The Core 2 Duo series is obsolete for CPU and GPU intensive work, but not general usage. That said, these are still useful for basic tasks everyone does despite being so old. You are better off keeping it for a few more years until it is truly obsolete or breaks. Upgrade the memory and hard drive as well so you can further extend their remaining life. If you can afford it, 512GB SSD’s are becoming affordable enough they are no longer out of reach in terms of cost.
As far as an operating system goes, the problem with 10.6 is it began to lose application support when 10.8 came out (and made worse with 10.9), so the situation will be even worse today then it was for me as a 5 year holdout and you will require a more modern release of OS X. It’s really up to you how high you go, but you want to use something with modern application support.

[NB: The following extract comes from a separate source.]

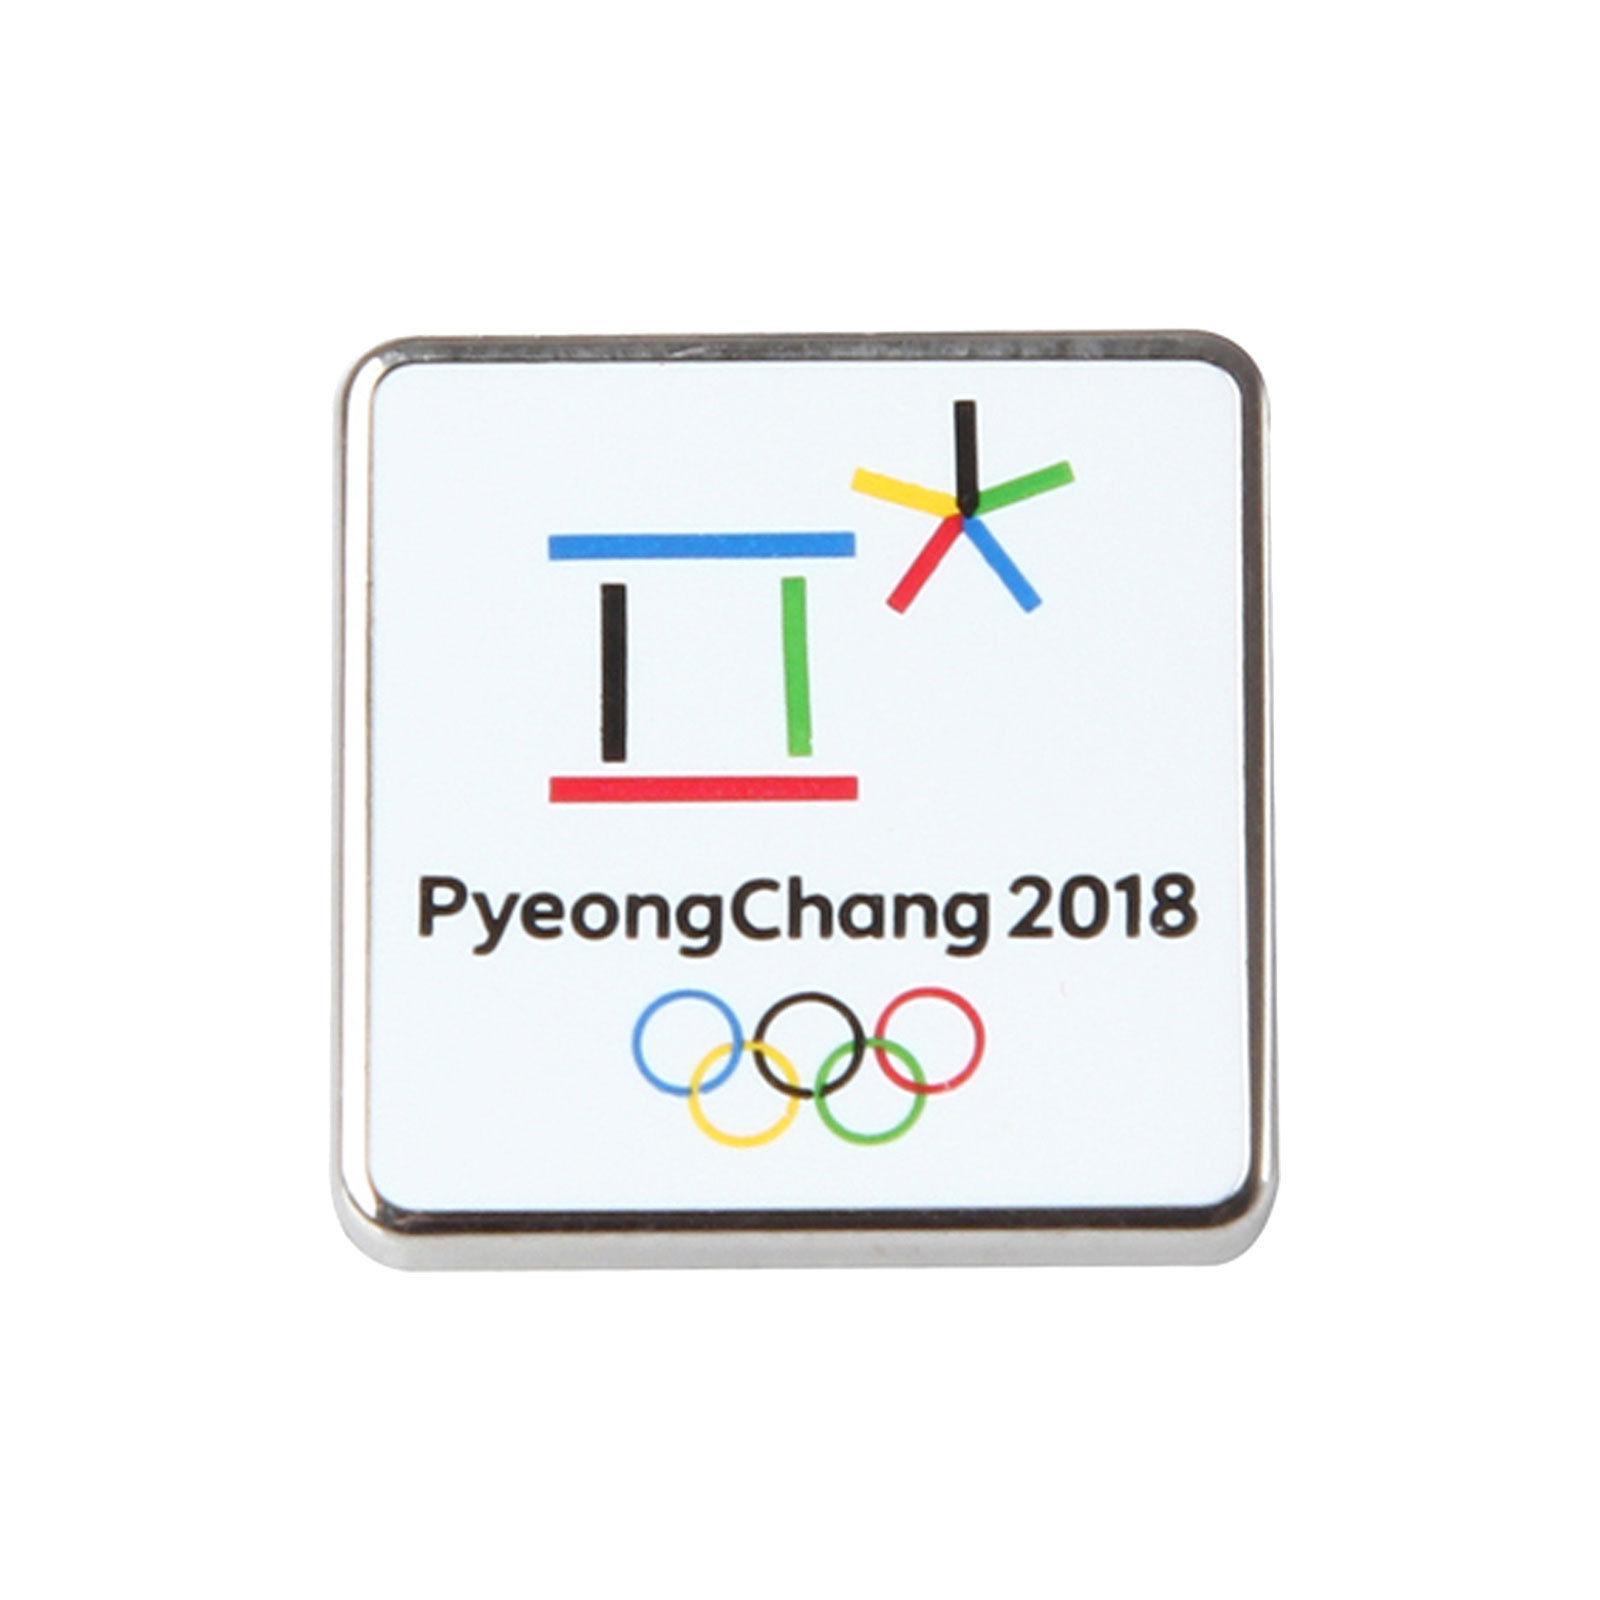 PyeongChang 2018 Korea Winter Olympic Square Badge Pin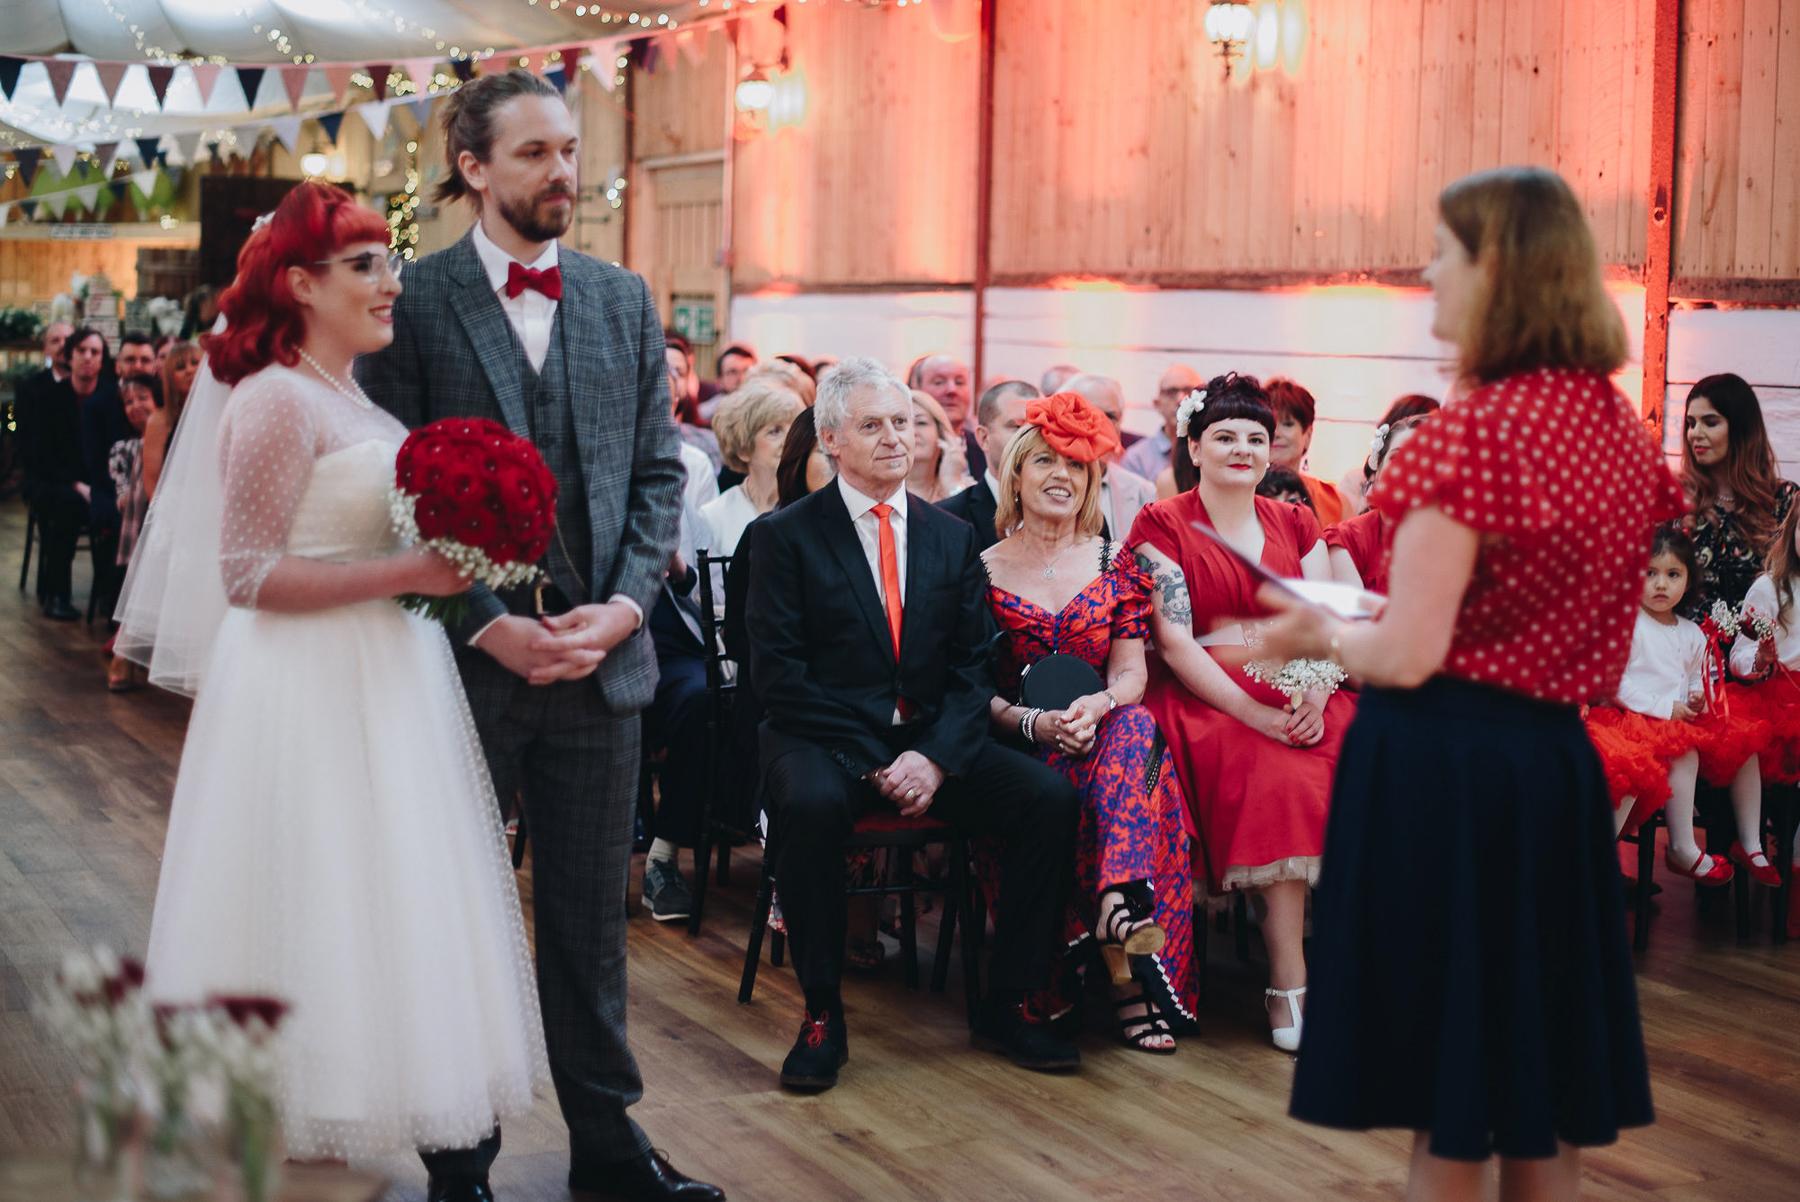 Wellbeing_Farm_Wedding_Photography_The_Pin-Up_Bride_Lara_Shaun-52.jpg

The only downside to having an “obsolete” system is Apple will not service it. However, this is also a partially moot point because the price Apple quotes for repair tends to exceed the value of a used machine with similar specs. While you are on your own for repairs, these iMacs do not suffer from the upgrade problems all of the modern ones do. Even though it’s older (and will struggle in some use cases), it’s easily upgraded and you can easily work on it in terms of replacing most of the components.
I was able to get 5 years out of my T9550 MBP 17” Unibody (Early 2009) before it began to show it’s age and failed beyond economical repair. I kept it so long because that was the second to last 17” ever released - granted the 2011 17” exists but it’s got irreparable GPU issues. You’re stuck with the 2010 if you want a Core i series 17” these days and those are beginning to show their age as well.